** Opening MATERIAL TO PROCESS block **

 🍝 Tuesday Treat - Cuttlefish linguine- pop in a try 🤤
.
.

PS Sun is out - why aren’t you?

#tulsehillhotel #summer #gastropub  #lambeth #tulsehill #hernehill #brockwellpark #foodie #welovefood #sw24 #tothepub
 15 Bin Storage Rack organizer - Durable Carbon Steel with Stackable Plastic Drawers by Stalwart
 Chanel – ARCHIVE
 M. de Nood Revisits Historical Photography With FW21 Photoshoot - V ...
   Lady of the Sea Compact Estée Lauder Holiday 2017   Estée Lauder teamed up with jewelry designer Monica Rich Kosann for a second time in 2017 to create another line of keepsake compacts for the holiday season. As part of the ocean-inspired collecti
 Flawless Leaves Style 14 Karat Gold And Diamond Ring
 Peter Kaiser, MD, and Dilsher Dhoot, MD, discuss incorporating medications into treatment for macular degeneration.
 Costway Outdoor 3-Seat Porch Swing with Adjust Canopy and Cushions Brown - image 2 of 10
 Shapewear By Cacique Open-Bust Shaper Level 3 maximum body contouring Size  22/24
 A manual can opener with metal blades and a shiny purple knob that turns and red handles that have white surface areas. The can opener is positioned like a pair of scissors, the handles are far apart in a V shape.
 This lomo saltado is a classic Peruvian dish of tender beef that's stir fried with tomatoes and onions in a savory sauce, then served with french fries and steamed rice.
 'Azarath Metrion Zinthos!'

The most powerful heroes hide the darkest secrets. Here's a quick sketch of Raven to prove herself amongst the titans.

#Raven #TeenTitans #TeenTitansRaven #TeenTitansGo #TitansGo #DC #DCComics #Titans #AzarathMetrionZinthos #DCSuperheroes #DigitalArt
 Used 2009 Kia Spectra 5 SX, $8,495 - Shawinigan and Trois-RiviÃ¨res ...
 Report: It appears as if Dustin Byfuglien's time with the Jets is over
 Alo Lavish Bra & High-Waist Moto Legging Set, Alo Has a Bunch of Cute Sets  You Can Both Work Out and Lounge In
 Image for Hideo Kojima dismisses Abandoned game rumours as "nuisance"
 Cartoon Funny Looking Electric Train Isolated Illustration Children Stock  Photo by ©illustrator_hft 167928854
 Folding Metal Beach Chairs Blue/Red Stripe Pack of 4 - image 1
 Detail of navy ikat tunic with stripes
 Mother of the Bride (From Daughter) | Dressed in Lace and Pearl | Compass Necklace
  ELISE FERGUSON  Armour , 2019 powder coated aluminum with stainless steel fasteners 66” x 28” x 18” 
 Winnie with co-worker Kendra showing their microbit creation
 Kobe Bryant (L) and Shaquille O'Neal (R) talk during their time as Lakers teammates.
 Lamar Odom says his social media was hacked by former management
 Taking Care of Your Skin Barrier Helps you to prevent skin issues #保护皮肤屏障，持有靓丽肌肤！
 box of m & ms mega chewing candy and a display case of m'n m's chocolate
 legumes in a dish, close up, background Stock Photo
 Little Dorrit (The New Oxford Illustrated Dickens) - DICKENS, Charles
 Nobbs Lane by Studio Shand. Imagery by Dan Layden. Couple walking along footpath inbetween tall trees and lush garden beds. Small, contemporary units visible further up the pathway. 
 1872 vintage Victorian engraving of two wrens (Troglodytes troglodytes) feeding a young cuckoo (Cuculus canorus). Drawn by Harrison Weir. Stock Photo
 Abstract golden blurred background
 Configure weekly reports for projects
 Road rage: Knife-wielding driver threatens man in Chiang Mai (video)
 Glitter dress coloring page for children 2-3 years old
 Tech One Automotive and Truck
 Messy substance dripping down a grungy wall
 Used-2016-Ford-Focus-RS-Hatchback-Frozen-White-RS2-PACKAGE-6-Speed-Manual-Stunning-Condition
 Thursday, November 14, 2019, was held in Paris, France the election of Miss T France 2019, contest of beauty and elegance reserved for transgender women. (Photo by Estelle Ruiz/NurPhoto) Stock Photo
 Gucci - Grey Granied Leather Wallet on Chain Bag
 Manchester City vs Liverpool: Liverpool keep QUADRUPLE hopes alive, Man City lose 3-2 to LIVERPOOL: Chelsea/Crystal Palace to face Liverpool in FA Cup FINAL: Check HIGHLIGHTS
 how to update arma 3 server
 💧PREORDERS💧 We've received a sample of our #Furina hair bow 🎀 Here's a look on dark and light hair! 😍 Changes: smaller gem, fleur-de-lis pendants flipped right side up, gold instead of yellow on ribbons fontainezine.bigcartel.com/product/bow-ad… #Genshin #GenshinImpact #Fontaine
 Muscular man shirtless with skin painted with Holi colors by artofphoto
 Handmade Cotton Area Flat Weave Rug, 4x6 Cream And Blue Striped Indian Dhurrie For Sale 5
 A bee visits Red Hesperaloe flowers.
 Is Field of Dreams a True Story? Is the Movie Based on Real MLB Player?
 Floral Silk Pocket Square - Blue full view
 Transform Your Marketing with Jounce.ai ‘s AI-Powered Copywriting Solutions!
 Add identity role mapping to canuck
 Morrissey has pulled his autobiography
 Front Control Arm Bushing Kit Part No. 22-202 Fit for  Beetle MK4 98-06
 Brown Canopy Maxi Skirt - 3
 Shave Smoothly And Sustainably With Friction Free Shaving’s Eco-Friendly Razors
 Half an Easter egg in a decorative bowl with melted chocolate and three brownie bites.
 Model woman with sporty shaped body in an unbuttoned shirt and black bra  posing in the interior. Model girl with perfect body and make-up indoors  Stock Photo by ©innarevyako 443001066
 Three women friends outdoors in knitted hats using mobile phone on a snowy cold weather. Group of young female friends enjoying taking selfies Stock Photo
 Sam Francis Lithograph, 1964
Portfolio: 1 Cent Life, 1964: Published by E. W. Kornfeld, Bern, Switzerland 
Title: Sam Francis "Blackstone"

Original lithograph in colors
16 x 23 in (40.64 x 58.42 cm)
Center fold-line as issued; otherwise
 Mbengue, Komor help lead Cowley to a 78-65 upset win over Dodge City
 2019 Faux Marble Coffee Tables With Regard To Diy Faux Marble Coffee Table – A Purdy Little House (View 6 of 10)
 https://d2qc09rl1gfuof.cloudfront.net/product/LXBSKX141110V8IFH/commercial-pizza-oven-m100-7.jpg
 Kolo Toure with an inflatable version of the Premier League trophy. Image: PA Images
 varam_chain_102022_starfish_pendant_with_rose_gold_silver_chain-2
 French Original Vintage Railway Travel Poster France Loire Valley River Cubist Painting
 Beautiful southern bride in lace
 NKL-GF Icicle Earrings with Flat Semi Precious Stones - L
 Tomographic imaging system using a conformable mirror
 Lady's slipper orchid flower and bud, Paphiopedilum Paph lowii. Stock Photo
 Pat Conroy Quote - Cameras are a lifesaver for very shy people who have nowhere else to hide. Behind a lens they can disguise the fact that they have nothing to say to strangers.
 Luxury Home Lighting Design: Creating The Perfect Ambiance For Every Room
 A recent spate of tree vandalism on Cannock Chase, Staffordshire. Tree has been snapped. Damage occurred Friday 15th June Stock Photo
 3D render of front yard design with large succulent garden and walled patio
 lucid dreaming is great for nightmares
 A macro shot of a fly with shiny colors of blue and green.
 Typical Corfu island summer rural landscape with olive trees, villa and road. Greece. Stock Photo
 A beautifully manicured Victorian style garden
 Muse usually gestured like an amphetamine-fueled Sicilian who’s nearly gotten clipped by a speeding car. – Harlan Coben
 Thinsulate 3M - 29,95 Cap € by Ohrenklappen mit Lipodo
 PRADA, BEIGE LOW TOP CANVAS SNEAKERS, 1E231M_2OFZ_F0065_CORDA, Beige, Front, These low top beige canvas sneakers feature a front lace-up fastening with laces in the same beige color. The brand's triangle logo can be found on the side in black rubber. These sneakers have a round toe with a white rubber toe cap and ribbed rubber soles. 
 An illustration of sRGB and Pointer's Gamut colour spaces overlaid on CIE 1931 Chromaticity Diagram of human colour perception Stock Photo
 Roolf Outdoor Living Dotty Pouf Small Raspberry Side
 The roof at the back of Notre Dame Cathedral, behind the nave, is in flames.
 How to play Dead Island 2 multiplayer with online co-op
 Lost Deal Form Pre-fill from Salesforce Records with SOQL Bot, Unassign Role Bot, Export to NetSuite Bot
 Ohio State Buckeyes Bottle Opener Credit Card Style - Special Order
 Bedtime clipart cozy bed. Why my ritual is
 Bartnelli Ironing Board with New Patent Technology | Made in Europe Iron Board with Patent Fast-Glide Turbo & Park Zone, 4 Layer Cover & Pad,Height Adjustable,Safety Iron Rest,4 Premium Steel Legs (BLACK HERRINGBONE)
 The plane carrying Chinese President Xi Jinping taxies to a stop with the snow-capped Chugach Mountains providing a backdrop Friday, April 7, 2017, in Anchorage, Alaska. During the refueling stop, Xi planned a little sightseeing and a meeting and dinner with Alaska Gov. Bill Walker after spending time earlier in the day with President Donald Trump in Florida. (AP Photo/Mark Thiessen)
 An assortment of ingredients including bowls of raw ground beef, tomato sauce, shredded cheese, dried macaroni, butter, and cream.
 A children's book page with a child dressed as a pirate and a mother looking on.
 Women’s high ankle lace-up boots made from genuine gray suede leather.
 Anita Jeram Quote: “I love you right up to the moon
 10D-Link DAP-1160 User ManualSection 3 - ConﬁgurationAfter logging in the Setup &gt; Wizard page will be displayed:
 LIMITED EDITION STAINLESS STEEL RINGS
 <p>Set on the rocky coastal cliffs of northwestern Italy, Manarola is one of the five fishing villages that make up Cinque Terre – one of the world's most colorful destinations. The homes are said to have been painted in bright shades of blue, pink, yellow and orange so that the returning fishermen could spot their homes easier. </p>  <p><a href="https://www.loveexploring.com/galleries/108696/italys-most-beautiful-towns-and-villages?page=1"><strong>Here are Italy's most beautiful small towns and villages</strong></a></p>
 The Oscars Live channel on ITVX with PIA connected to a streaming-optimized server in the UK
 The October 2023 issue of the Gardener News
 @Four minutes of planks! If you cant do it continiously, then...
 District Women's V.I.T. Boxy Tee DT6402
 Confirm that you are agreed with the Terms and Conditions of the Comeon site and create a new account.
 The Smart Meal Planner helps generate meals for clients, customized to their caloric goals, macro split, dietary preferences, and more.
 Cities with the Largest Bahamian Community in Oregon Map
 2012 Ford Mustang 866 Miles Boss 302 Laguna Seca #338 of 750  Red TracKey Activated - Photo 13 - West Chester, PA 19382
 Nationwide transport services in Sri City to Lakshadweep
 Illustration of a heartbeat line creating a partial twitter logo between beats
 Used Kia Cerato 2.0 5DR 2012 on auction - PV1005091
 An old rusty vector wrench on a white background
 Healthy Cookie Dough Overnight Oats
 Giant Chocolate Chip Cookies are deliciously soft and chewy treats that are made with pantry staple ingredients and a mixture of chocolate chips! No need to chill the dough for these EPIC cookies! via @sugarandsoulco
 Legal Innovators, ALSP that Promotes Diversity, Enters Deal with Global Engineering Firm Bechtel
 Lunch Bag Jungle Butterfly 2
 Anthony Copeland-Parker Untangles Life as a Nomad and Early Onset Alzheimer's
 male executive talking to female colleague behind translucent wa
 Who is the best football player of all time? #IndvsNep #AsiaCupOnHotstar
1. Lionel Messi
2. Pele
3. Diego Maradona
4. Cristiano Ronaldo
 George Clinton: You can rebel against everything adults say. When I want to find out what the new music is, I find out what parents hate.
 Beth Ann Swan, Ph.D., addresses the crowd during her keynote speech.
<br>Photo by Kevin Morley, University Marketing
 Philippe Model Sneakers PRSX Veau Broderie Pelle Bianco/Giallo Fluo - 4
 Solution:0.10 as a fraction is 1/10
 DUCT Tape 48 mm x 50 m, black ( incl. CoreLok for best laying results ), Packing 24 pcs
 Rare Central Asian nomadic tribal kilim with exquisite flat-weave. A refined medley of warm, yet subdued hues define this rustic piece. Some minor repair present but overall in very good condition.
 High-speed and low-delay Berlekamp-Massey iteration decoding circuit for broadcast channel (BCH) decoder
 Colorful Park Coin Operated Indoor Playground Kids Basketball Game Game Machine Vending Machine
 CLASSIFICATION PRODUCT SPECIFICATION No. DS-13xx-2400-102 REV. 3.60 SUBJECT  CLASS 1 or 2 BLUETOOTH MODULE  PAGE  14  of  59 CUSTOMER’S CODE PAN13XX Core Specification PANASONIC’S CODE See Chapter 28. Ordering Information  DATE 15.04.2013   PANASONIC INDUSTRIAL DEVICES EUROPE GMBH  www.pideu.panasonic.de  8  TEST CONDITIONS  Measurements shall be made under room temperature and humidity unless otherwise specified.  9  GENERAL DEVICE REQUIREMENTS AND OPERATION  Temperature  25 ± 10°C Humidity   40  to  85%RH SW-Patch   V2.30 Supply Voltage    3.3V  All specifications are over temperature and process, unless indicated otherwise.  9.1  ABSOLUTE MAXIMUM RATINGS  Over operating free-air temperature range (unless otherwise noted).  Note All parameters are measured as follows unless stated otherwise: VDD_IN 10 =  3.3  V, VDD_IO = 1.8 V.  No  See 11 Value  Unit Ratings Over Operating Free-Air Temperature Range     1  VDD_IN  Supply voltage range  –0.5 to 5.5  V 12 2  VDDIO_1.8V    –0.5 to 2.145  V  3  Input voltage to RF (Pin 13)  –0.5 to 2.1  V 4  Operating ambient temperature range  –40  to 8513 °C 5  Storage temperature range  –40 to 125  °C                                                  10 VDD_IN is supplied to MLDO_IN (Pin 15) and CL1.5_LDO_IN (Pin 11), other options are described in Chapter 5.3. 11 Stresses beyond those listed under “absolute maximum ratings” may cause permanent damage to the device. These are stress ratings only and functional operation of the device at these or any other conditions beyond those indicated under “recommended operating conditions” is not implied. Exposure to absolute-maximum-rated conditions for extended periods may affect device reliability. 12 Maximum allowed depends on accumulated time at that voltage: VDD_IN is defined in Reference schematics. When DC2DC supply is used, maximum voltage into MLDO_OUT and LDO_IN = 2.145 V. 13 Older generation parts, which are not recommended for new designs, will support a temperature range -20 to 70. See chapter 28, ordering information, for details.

** Closing MATERIAL TO PROCESS block **

REQUIREMENT: One stretch of the lines above is wanted, from the line that contains "Flawless Leaves Style" through the line that contains "Shapewear By Cacique". Output it exactly.

COMPLETED EXERCISE:
 Flawless Leaves Style 14 Karat Gold And Diamond Ring
 Peter Kaiser, MD, and Dilsher Dhoot, MD, discuss incorporating medications into treatment for macular degeneration.
 Costway Outdoor 3-Seat Porch Swing with Adjust Canopy and Cushions Brown - image 2 of 10
 Shapewear By Cacique Open-Bust Shaper Level 3 maximum body contouring Size  22/24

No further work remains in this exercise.